El XXI Congreso del Partido Popular celebrado recientemente en el recinto ferial de IFEMA (Madrid) ha sido todo un golpe sobre la mesa. Mensaje claro: hay alternativa, y se llama Alberto Núñez Feijóo. Frente a un PSOE entregado al chantaje separatista y a los delirios de Sumar, los populares ha exhibido unidad, serenidad y proyecto de país.
Feijóo ha dejado claro que se han de detener las concesiones a los enemigos del Estado. Basta de un Gobierno vendido a Puigdemont, Junqueras y Otegi. El XXI Congreso también ha sido un reconocimiento a Isabel Díaz Ayuso y a Juanma Moreno. Madrid y Andalucía son ejemplos de que otra política es posible. Mientras Pedro Sánchez pacta con fugados, el PP baja impuestos y crea empleo en las comunidades autónomas que gobierna.

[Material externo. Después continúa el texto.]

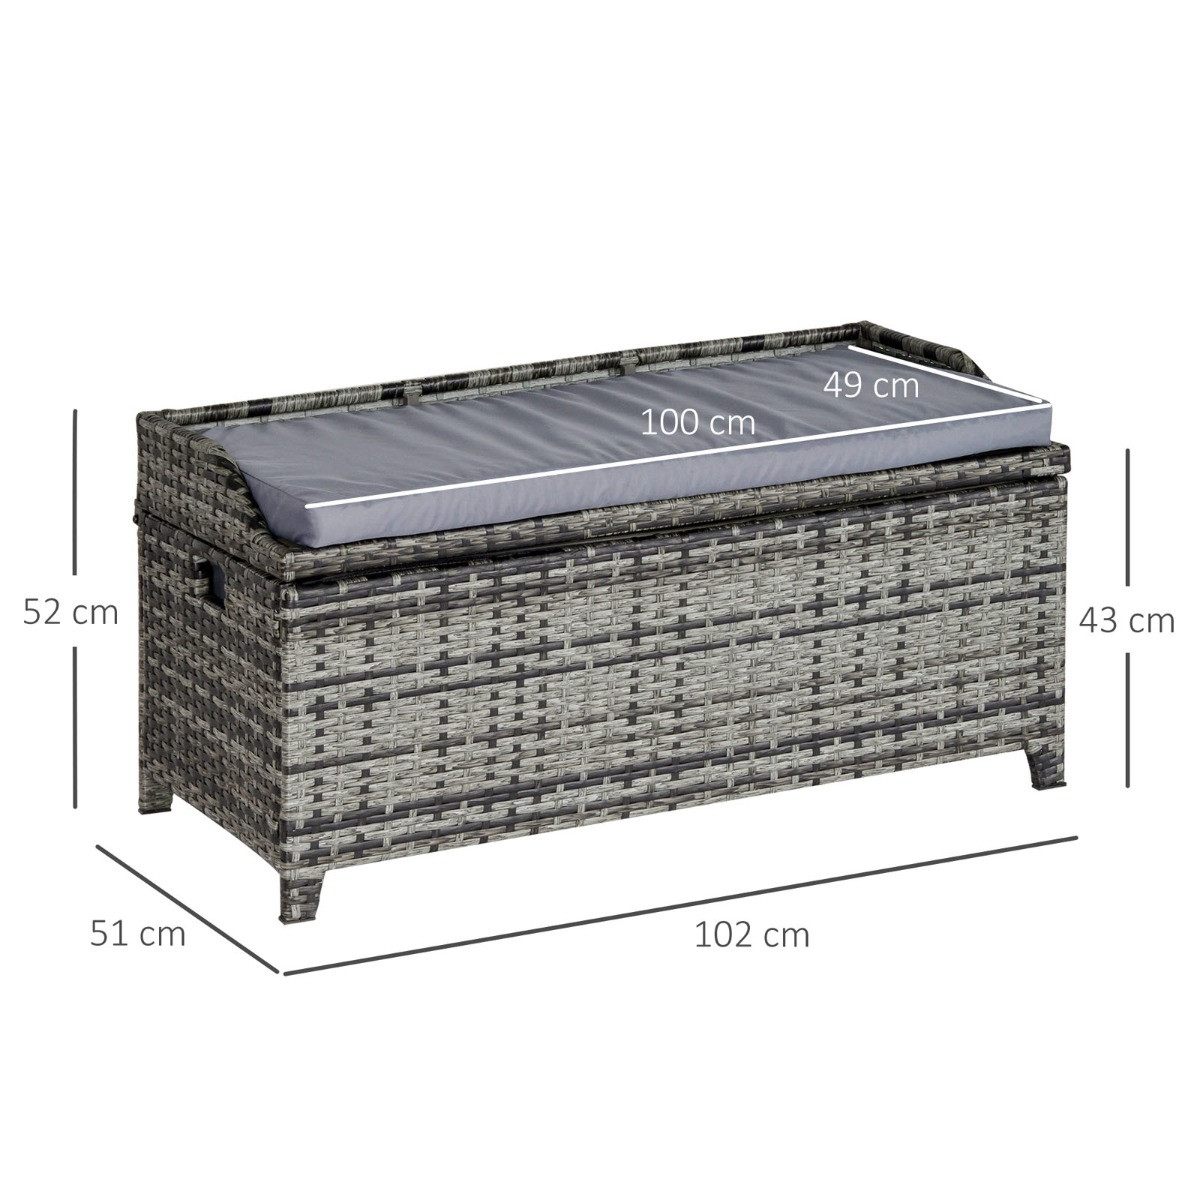 Outsunny Wicker Rattan Storage Box Seat With Cushion - Grey>

No ha faltado tampoco la defensa de la igualdad entre españoles. Nada de privilegios fiscales para unos, ni cesiones lingüísticas para otros. Lo que se aplica en Badajoz debe valer en Tarragona. Esa es la España constitucional. Mientras tanto, la izquierda se revuelve. Atacan al PP por no plegarse al sanchismo. Señal de que el XXI Congreso ha sido un éxito.
Tampoco han faltado mensajes de política exterior. España necesita recuperar su prestigio internacional, sin dejarse jirones de prestigio atacando a países aliados y confraternizando con dictaduras como China o Turquía. Con el Gobierno actual España se ha convertido en una potencia de cuarta división.
Una imagen simbolizó todo lo que ha significado este XXI Congreso: una bandera de España ondeando en un pabellón lleno. Ni esteladas, ni banderas republicanas o palestinas, ni pancartas contra la Guardia Civil, ni pitadas al Rey Felipe VI. Solo el orgullo de querer gobernar España.